In Munyonyo, all of the King's Christian pageboys were captured and sentenced to death at Namugongo (the Kingdom's designated place for execution). The prisoners were grievously bound to each other, and were made to walk their life's final journey escorted by merciless soldiers; theirs was a brutal and soul-inspiring last pilgrimage. On the way to Namugongo, at a lonely spot by the side of a road in Kyamula, Pontiano was martyred – he was the third Ugandan whose love of Christ outshone his desire for life itself. That same day in Munyonyo, servant of God, Fr. Symeon Lourdel (Mapeera) was desperately seeking an audience with the King Mwanga in order to intervene for condemned Christians. However, he was not permitted to see King.

Having intuited the grave and imminent danger which was about to befall Uganda's Christian community, as night fell on 25 May 1886, Charles Lwanga (the leader of Uganda's Christian community) secretly baptised four catechumens at Munyonyo: St. Kizito, St. Mbaga, St. Gyavira and St. Muggaga The very morning, King Mwanga brought his whole court before him and separated the Christians from the rest saying, "those who do not pray stand by me, those who do pray stand over there". He proceeded to ask the fifteen boys and young men standing apart whether they were Christian and, if they were, whether they intended to remain so. When they answered "Yes" with strength and courage, Mwanga condemned them all to death.
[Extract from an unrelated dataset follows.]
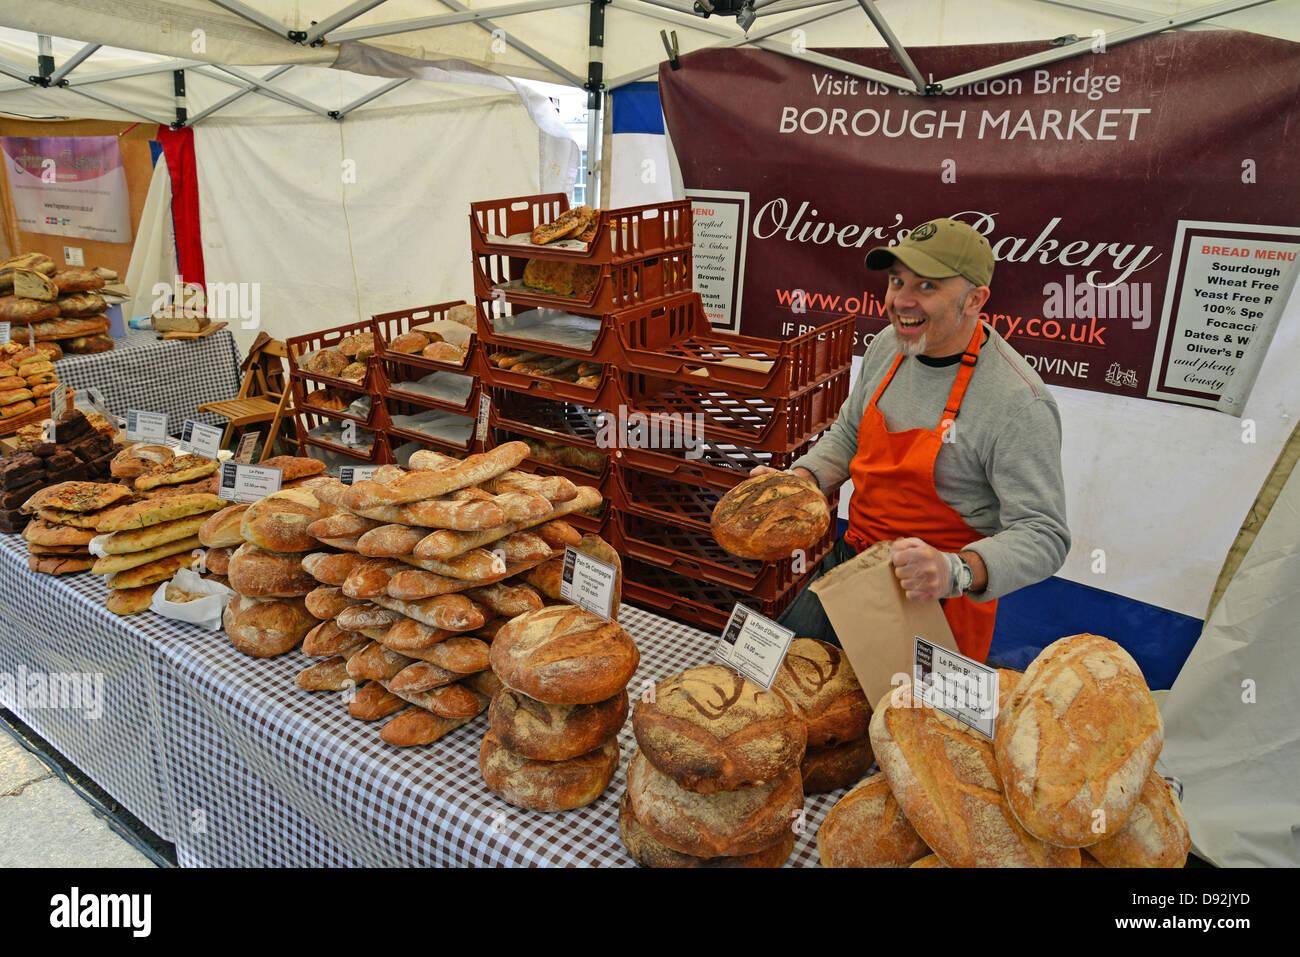 Bread selection on bakery stall at Farmer's Market, Bishop's Stortford, Hertfordshire, England, United Kingdom Stock Photo

After a short imprisonment, the future martyrs subsequently walked, staggered and were often dragged over a number of days until they finally reached the martyrdom site in Namugongo (3 June 1886).

==Recent events==
In 2014, Uganda celebrated 50 years since the Uganda Martyrs were canonized and elevated to Sainthood by Pope Paul VI on 18 October 1964. Uganda Martyrs Shrine in Munyonyo is a thanksgiving monument for their canonization. Official groundbreaking was on 3 May 2015 by Papal Nuncio to Uganda; Archbishop Michael A. Blume and Cardinal Emmanuel Wamala. Redevelopment includes construction of new church shrine, museum, offices and martyrdom spots of the saints.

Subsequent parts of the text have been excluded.